Horse ID | Coatcolor |
---|---|
1 | Black |
2 | Spotted |
3 | Chestnut |
4 | Grey |
5 | Unknown |
6 | Other |
7 | Unknown |
8 | Grey |
9 | Spotted |
10 | Other |
I used the following code
mydata <- data %>%
mutate(Coatcolor = case_when(
str_detect(Coatcolor, "spotted") ~ "Spotted",
str_detect(Coatcolor, "grey") ~ "Grey",
str_detect(Coatcolor, "chestnut") ~ "Chestnut",
str_detect(Coatcolor, "black") ~ "Black",
str_detect(Coatcolor, "") ~ "Unknown",
TRUE ~ Coatcolor
))
mydata$Coatcolor[!mydata$Coatcolor %in% c("Spotted", "Grey", "Chestnut", "Black", "Unknown")] <- "Other"
So what am I doing wrong/missing?

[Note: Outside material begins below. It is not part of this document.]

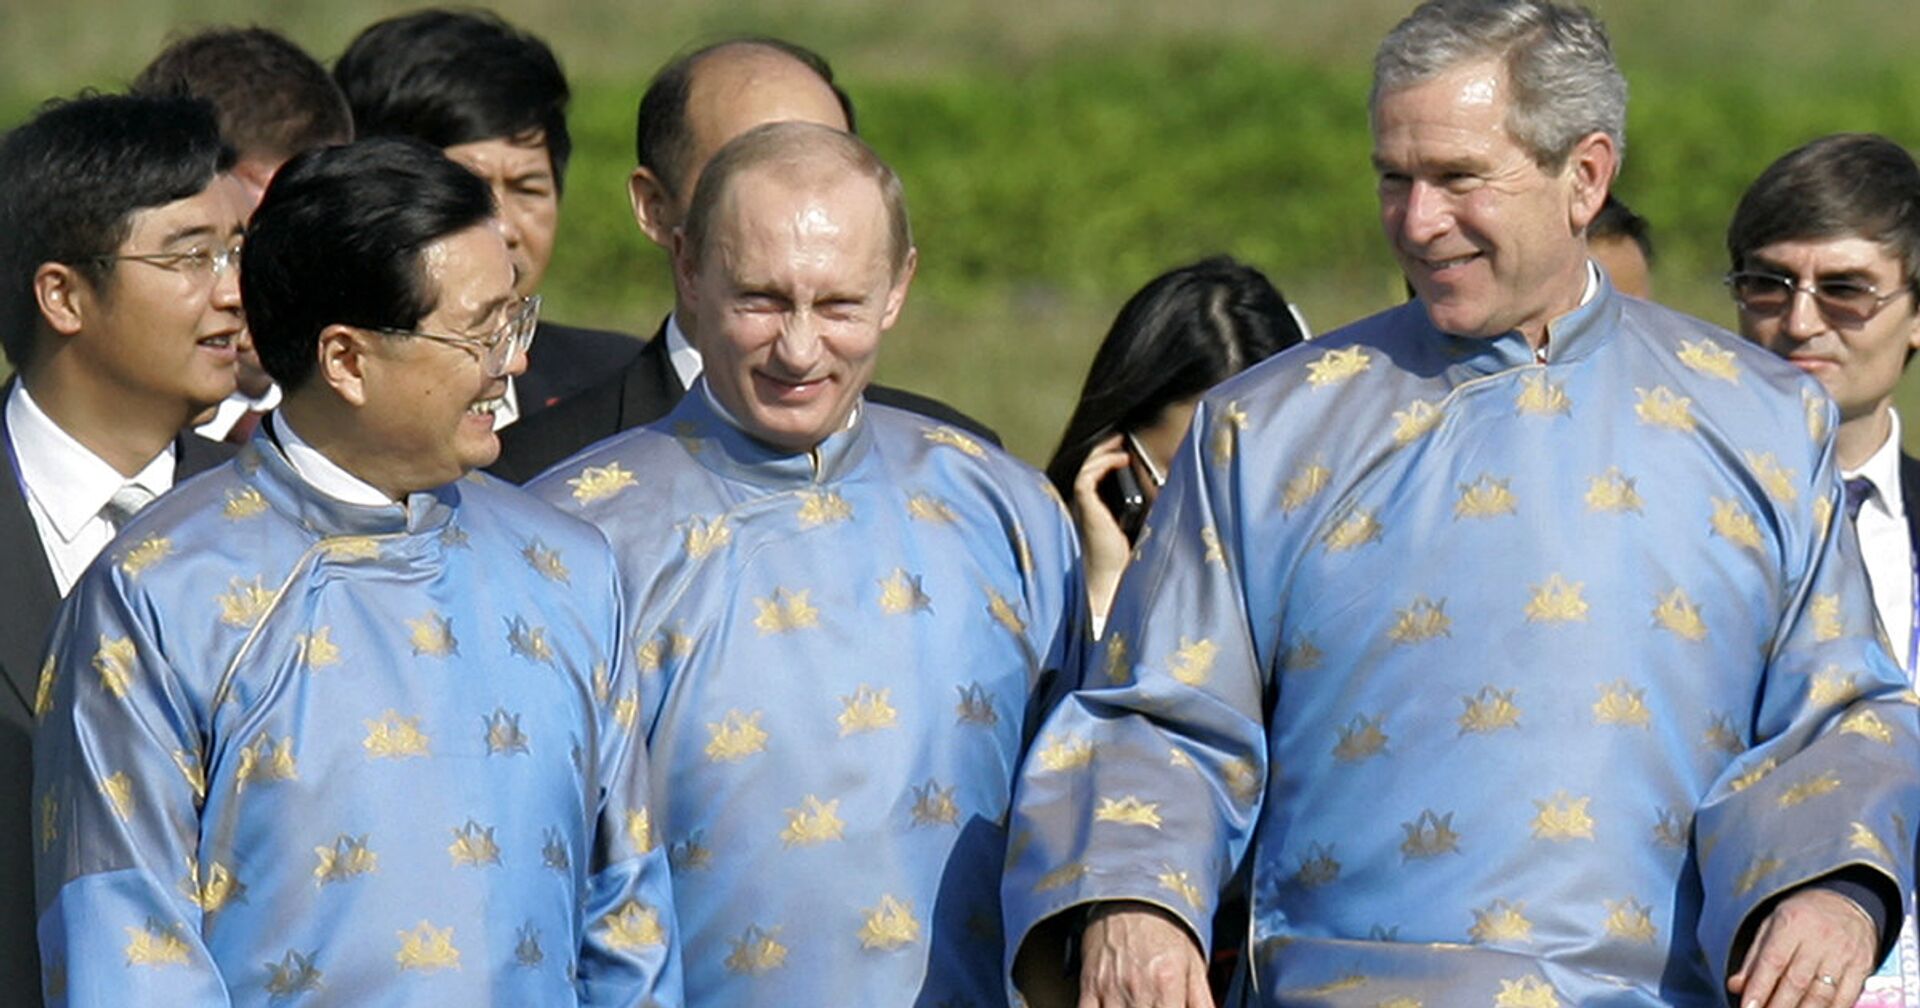 Председатель КНР Ху Цзиньтао, президент России Владимир Путин и президент США Джордж Буш, 19 ноября 2006 года - ИноСМИ, 1920, 29.09.2021
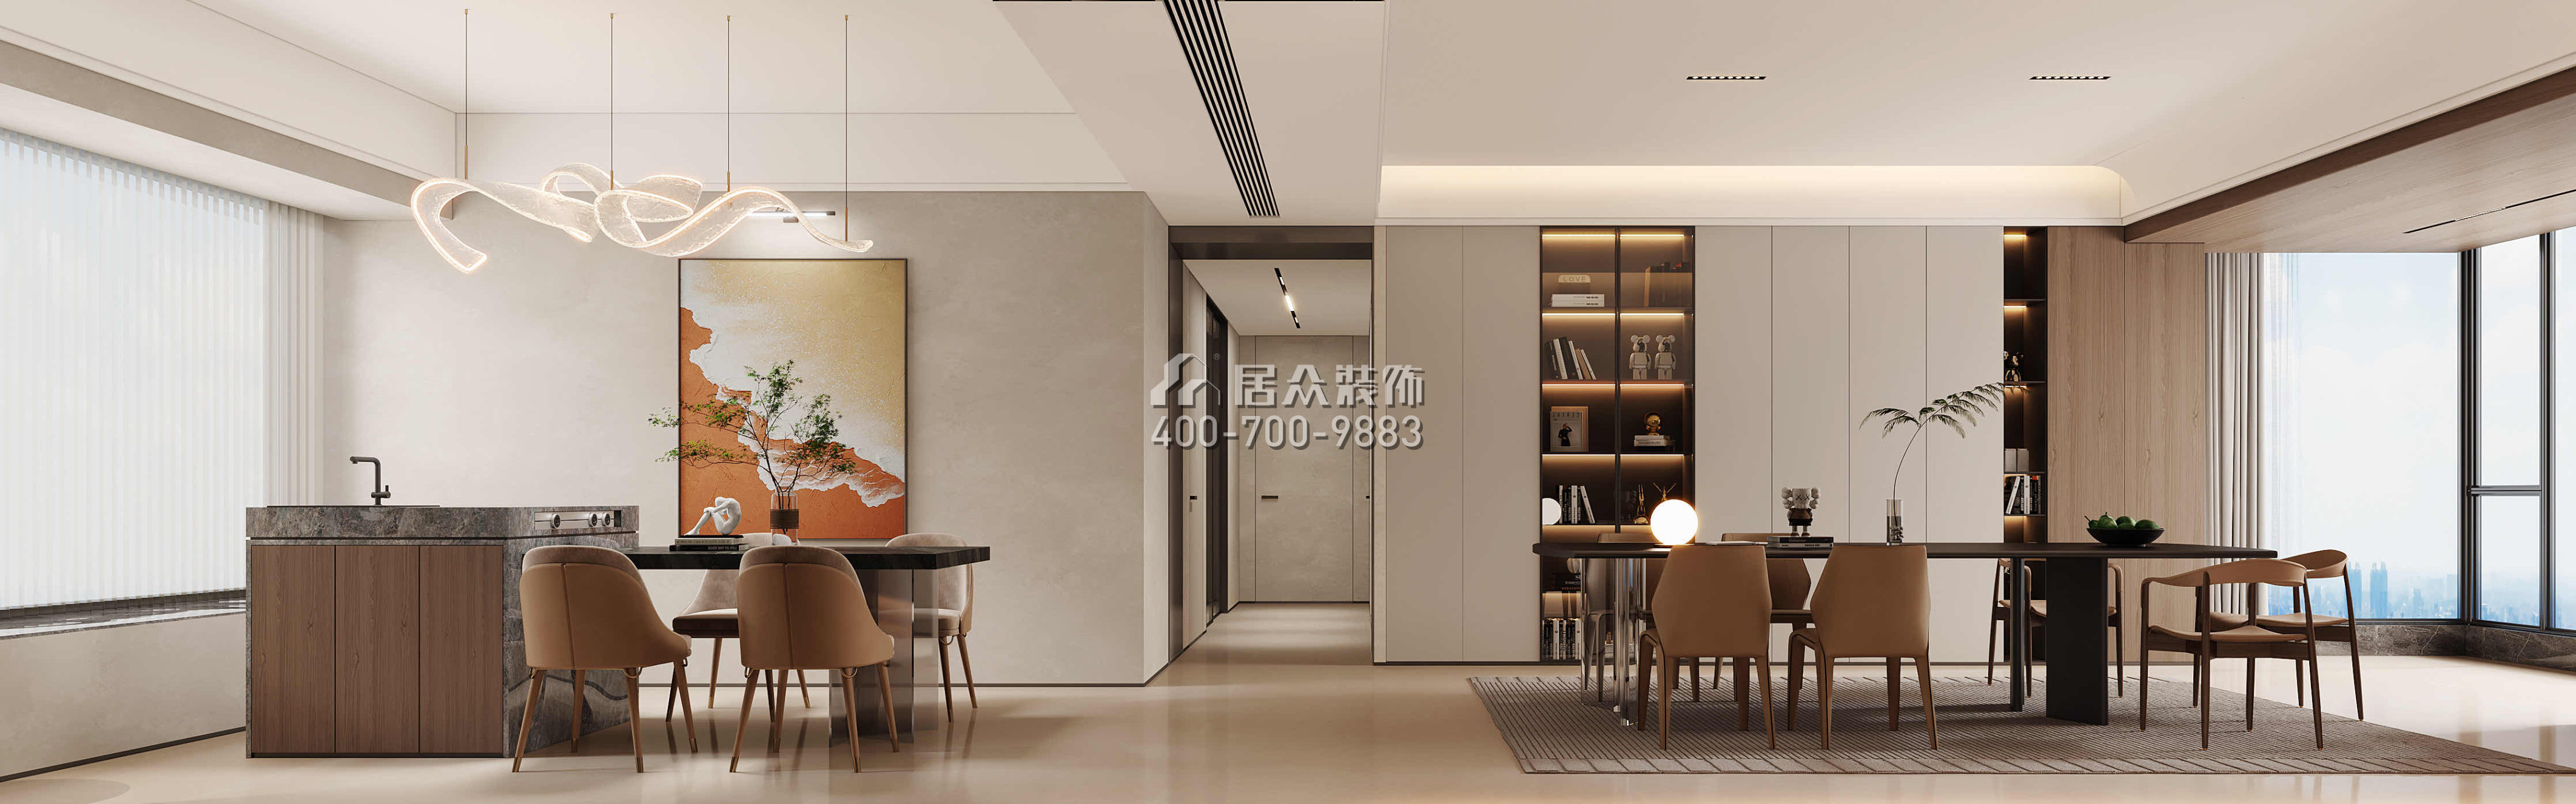 天健天骄南苑210平方米现代简约风格平层户型客餐厅一体装修效果图

Thanks in advance.
You can use the recode
function of thedplyr
package. Assuming the missing spots are NA
' s, you can then subsequently set all NA
's to "Other" with replace_na
of the tidyr
package. It depends on the format of your missing data spots.
mydata <- tibble(
id = 1:10,
coatcol = letters[1:10]
)
mydata$coatcol[5] <- NA
mydata$coatcol[4] <- ""
mydata <- mydata %>%
mutate_all(list(~na_if(.,""))) %>% # convert empty string to NA
mutate(Coatcolor_old = replace_na(coatcol, "Unknown")) %>% #set all NA to Unknown
mutate(Coatcolor_new = recode(
Coatcolor_old,
'spotted'= 'Spotted',
'bayspotted' = 'Spotted',
'old_name' = 'new_name',
'a' = 'A', #etc.
))
mydata